Впрочем, скоро Ахлерой немного устал, и его пыл поугас. Первый же выпад ДозирЭ он пропустил – колющий удар пришелся в грудь. Острие клинка остановил золотой медальон. Малл отшатнулся и выронил топорик, потом с изумлением посмотрел на себя. Богатая паррада висела лоскутами, а из груди обильно сочилась кровь. Это острие кинжала, соскользнув с медальона, прочертило на теле кровавую борозду.
В следующее мгновение ДозирЭ нанес еще несколько ударов, которые раненый и, казалось, сломленный горец едва отбил. Теперь молодой человек, окрыленный успехом, наступал, а малл пятился назад, в поисках спасения. ДозирЭ напористо атаковал, а его противник из последних сил защищался. Схватка переместилась в центр залы.
В поле зрения ДозирЭ был уставший Ахлерой, неподалеку, припав к стене, сидел Бахи, истекая кровью. Но он не видел третьего малла, и это его беспокоило.
Бух! ДозирЭ почувствовал сильную тупую боль в голове, будто ее раскололи пополам. Тело сразу обессилело, руки и ноги онемели, перед глазами поплыли кровавые круги. Последнее, что увидел ДозирЭ сквозь пурпурную пелену, – приближающийся к лицу кривой клинок Ахлероя.

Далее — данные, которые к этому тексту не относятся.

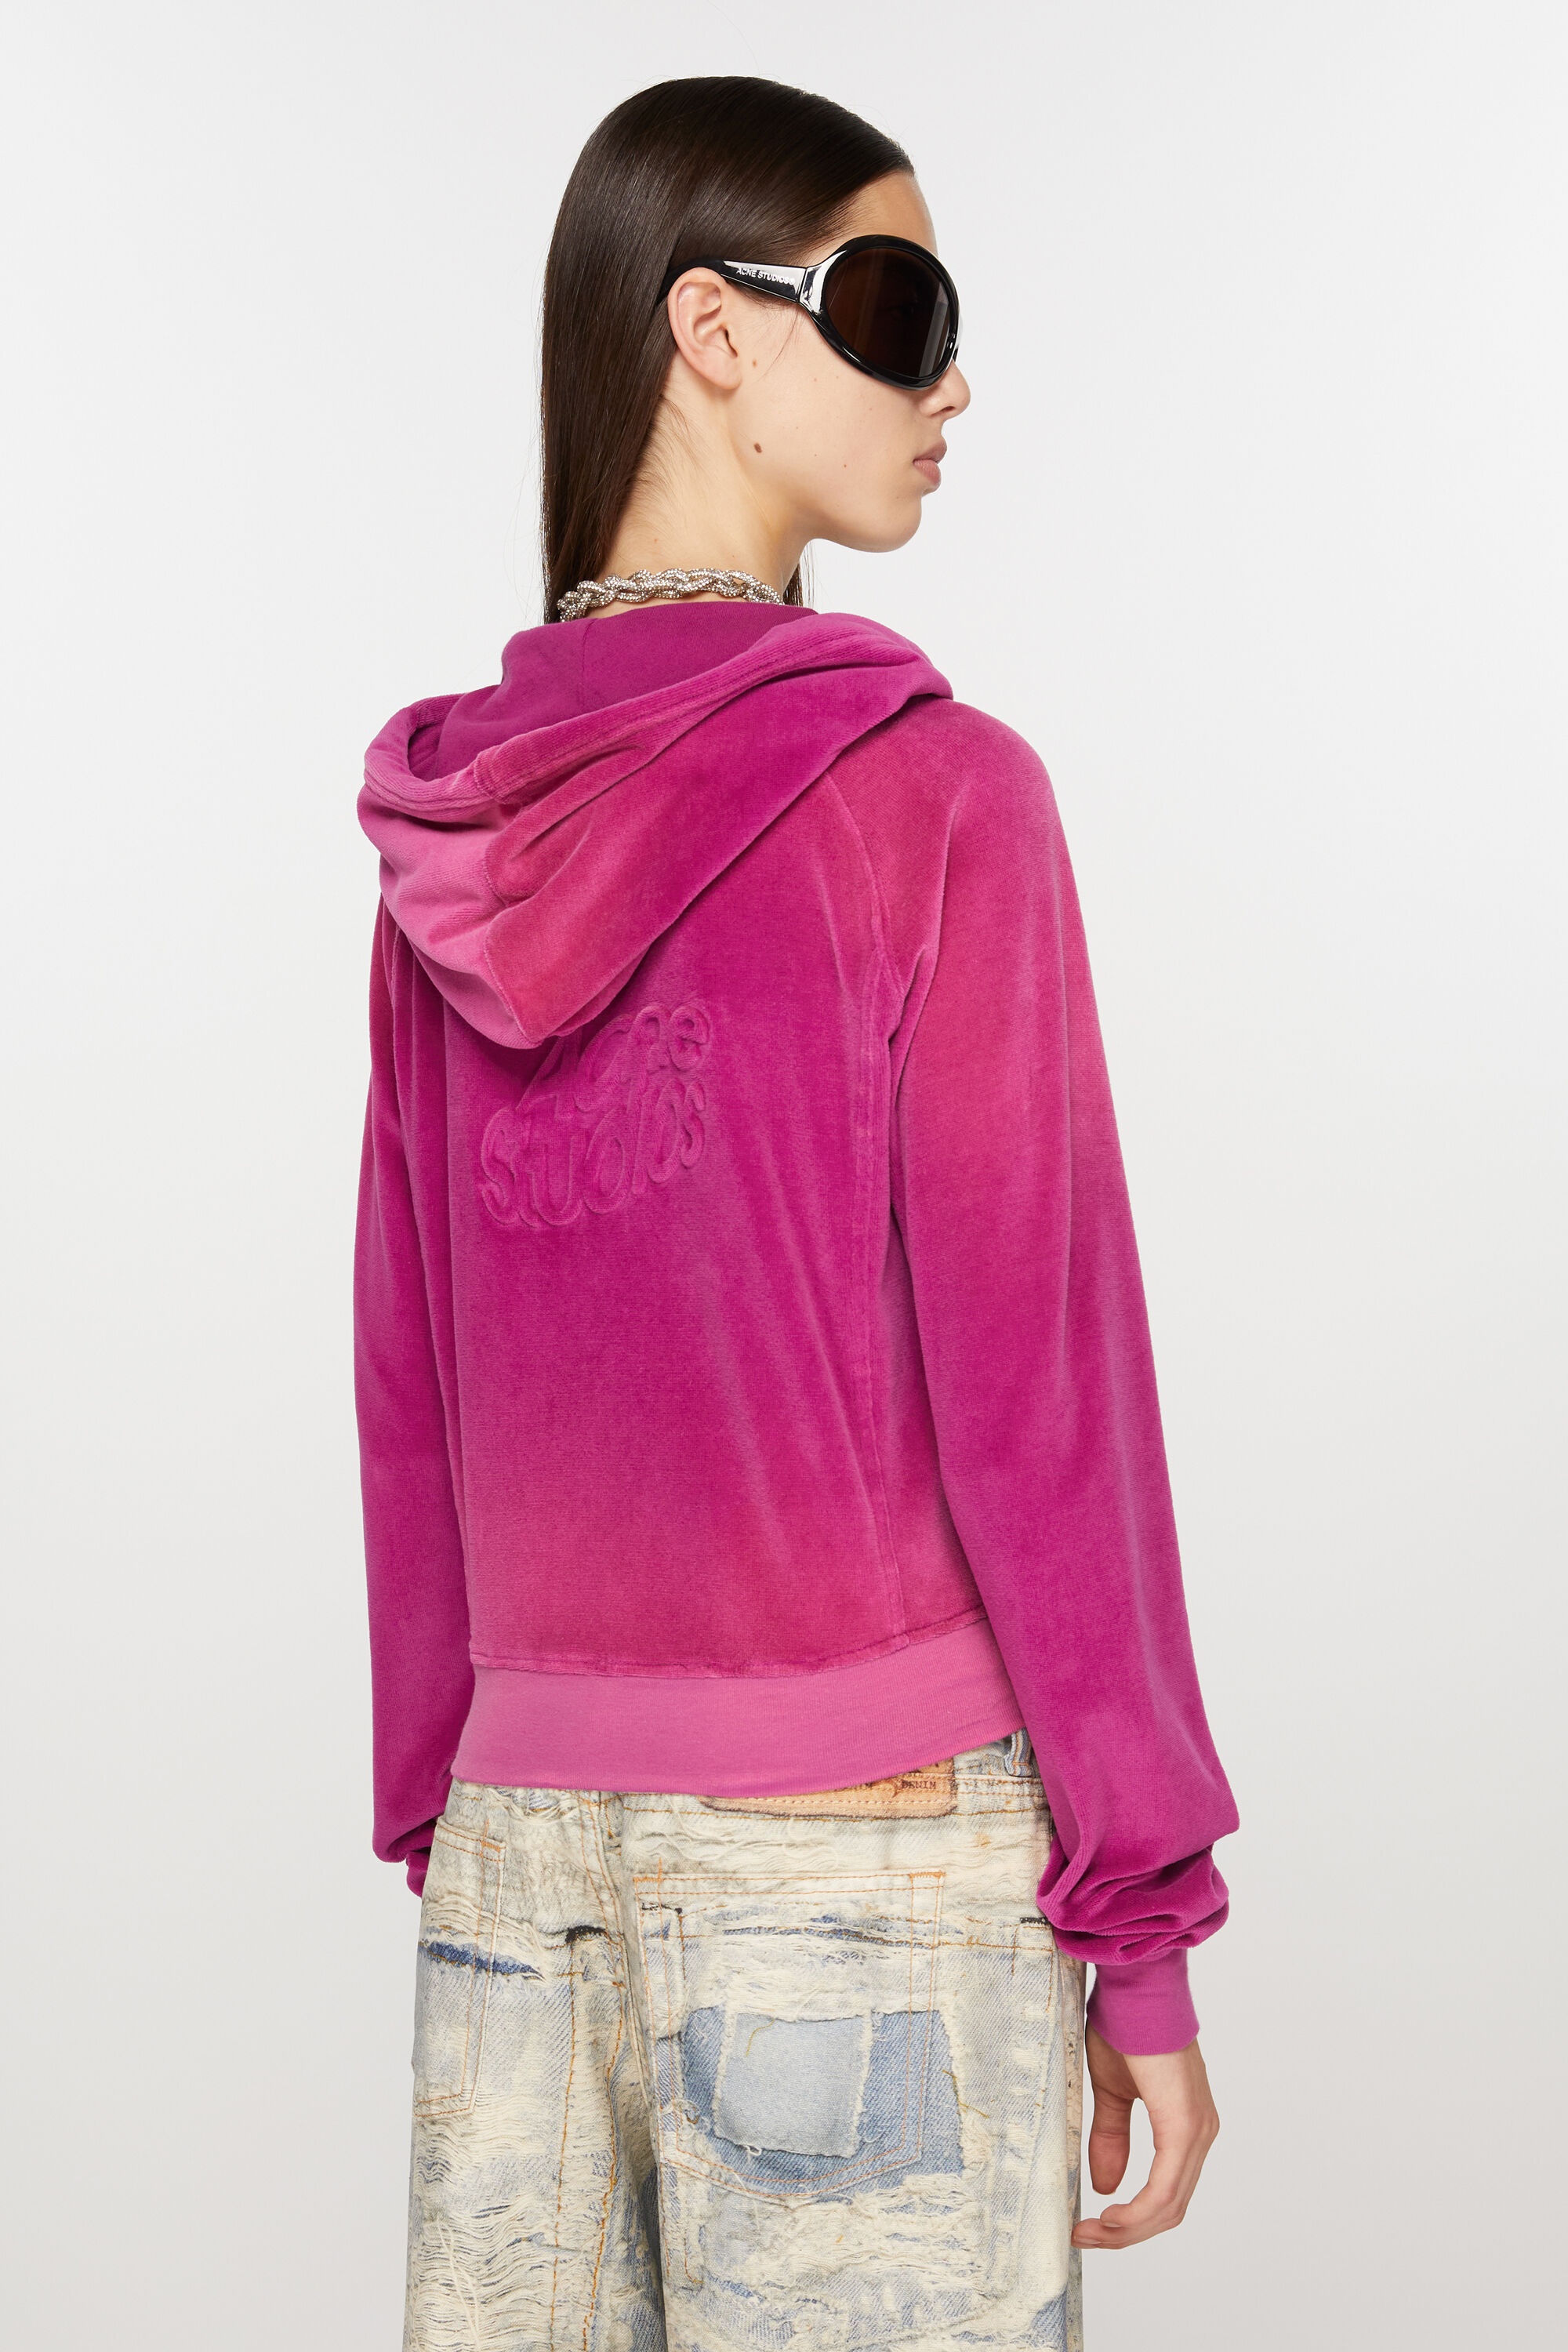 Hooded zip sweater velvet - Magenta pink - 3

Глава 3. Золотые сады Удолии
– Слушайте, люди! – обращался оратор к народу. – Я взываю к вам, жители Грономфы. Слушайте голос, плачущий по жертвам невинным. Голос, полный праведного гнева и жажды справедливой мести. Гневайтесь и вы и станьте в этом чувстве едины. И будет тогда всем вам одно славное имя – гордые авидроны!..
Речь оратора привлекла многих. На эту трибуну пускали не всякого, и тем более что люди быстро признали в говорившем первого советника самого Инфекта – Провтавтха, именно того человека, послушать которого многие сюда и явились. Речь его была удивительно складной, доводы убедительными, а призывы – созвучны сердцу.
О внезапном нападении иргамов знала уже вся Авидрония: почтовые голуби донесли ужасную весть до самых дальних поселений. Сто последних лет между соседями царили мир, обе страны благоденствовали, и поэтому авидроны не готовились к нападению, во всяком случае с этой стороны. Гарнизоны крепостей и городов были незначительны, новые укрепления не возводились, старые – не улучшались.
Предательство бывших союзников вызвало в городах народные волнения, которые не ограничились погромами в иргамовских кварталах, убийствами торговцев и путешественников. На улицах и площадях толпы авидронов настойчиво требовали отмщения.
Инфект Авидронии Алеклия, нынешний верховный правитель страны, оказался в сомнительном положении – гордясь разветвленной сетью лазутчиков и доносителей, которую имел в своем распоряжении, он не заметил у себя под носом целой армии. Враждебные отряды не только беспрепятственно пробрались в глубь авидронской территории, мимо многочисленных пограничных застав, кодов и крепостей, но и притащили с собой осадные приспособления. Ситуация осложнилась, когда стало известно, что волей случая, а может быть, и благодаря холодному расчету врагов в эти тревожные дни Алеклия не имел под рукой и двух десятков партикул. Все отряды находились либо в походах, либо их лагеря располагались слишком далеко от Грономфы.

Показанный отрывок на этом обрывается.